Они обсудили в её кабинете детали. Ему нужно было еще выбрать гроб.

Потом его познакомили с партнерами Бориса – представительными господами, которые были очень озабочены случившимся. Он был самый младший из всех троих, и уже директор, и это вселяло в Ивана гордость за свою фамилию. Они выпили бутылочку на троих, как водится, не чокаясь. В этом городе у него не было знакомых, на квартиру к брату идти сейчас он не был готов морально, но Наталья заверила его, что номер в гостинице ему уже забронирован и чтобы он не беспокоился за его оплату: Борис Сергеевич им этого бы не простил.

Здесь же он узнал, что, поскольку его брат не был женат и не имел детей, то, если не будет обнаружено завещания, доля в компании, равно как и прочее имущество покойного, перейдет по закону наследникам первой очереди. Но это известие затерялось где-то на подкорке его сознания, как мало значимое, совсем не относящееся к цели его приезда в этот огромный и чужой город.

10

Светлана уже не раз и не два бывала у Глеба и прекрасно ладила с его родителями. С Елизаветой Фёдоровной они в последнее время перешли практически на уровень родственного общения, и женщина даже делала вполне конкретные напутствия Свете на период их отсутствия с отцом в городе: где что лежит, какой режим электрической плиты на кухне лучше выбирать для приготовления того или иного блюда, в какие моменты барахлит стиральная машина и как их устранять, и каким образом стимулировать Глеба, чтобы он наточил ножи и захватил пакет с мусором.

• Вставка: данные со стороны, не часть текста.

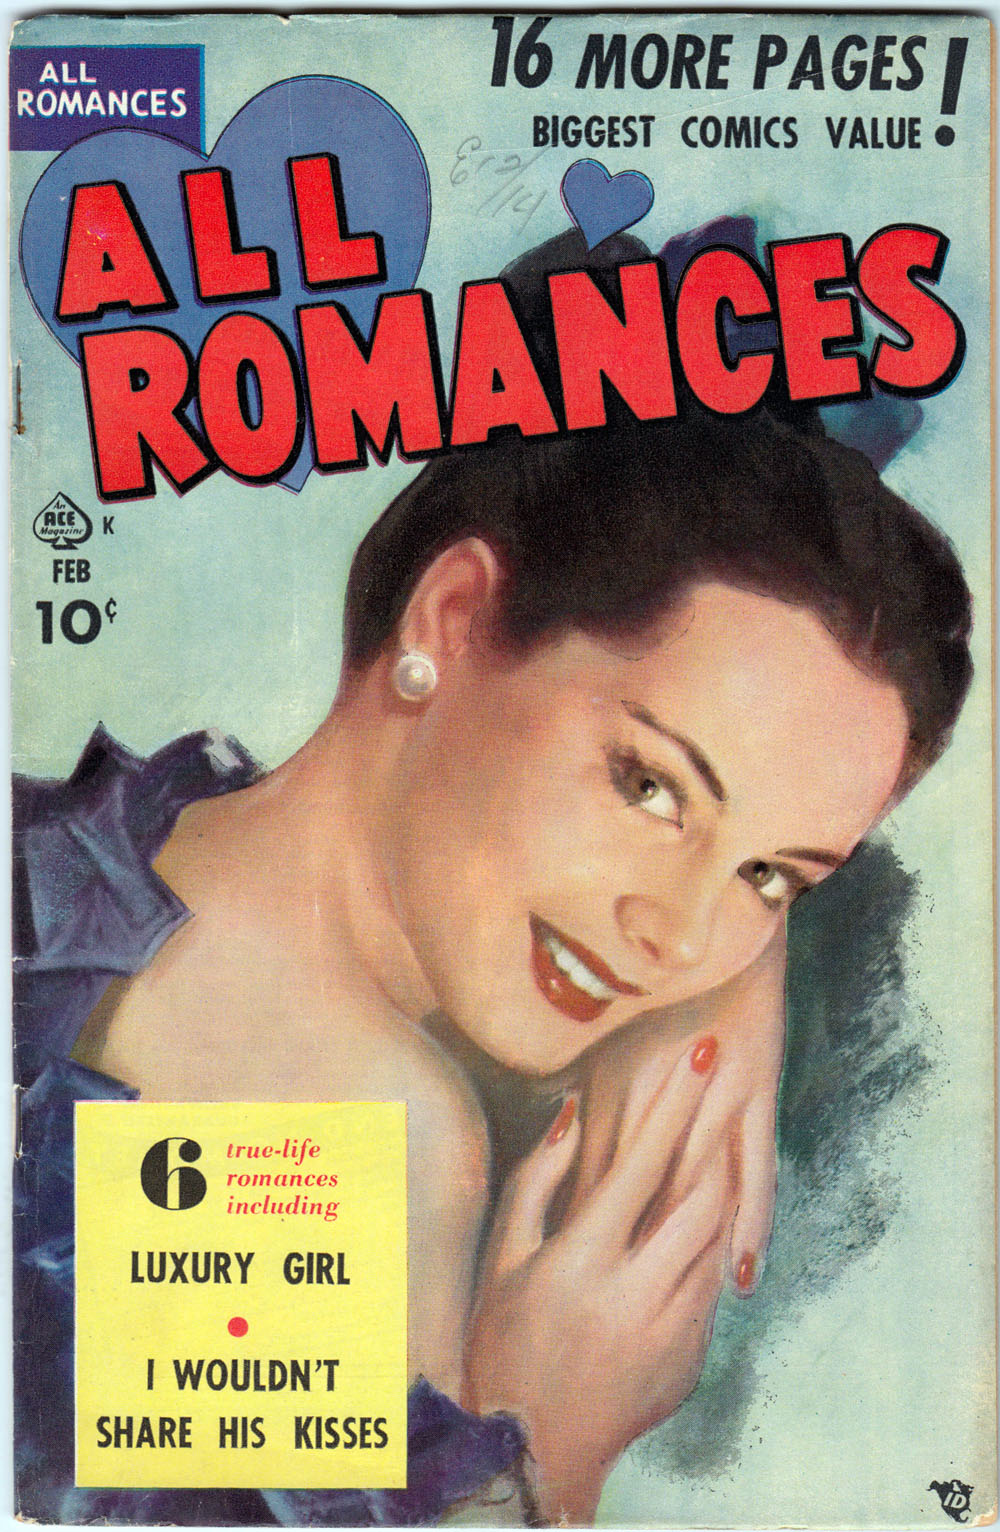 All Romances Vol 1 4

Это была небольшая двухкомнатная «сталинка» с огромной кухней и раздельными комнатами. Отец Глеба, в прошлом военный строитель по найму, обеспечил своей квартире качественное состояние, самостоятельно отделав полы, стены и потолки добротными материалами, так что жить здесь было комфортно. Глеб был единственный ребёнок в семье, к тому же на свет появился, когда его родители уже и не мечтали о таком событии, и потому печать избалованности присутствовала не только в его внешнем облике, но и в убранстве собственной комнаты: современные виниловые обои мягких оттенков, спортивный уголок до потолка, двуспальная кровать, компьютер, музыкальный центр. Конечно, последние новинки прогресса он уже сам для себя обеспечивал, но привычка всегда иметь всё самое лучшее и передовое сохранилась с тех детских времён, когда родители старались ни в чем не отказывать своему ребенку, предоставлять все возможности для цивилизованного развития и учебы. На фоне такого отношения непременно развивалось чувство уверенности и самодостатка, а к хорошему всегда привыкаешь быстро; намного сложнее потом вдруг обнаружить, что колодец, из которого черпали всю жизнь, начал высыхать и вместе с чистой родниковой водой приносить ил и тину, а к дополнительной фильтрации, вдруг оказывается, окружающие и не приспособлены вовсе.

Спальня родителей только лишний раз подчеркивала их трепетное отношение к сыну: фотографии на стенах, на тумбочке, на подоконнике – среди комнатных растений. Вот маленький Глеб ковыряется в песочнице во дворе, вот он поливает цветы на клумбе в детском саду из крохотной леечки, вот пошел в первый класс – в костюмчике и с бабочкой; и так весь его жизненный путь отражался на стенах в родительской комнате, вплоть до лихого вида за рулем своего автомобиля, подаренного ему отцом.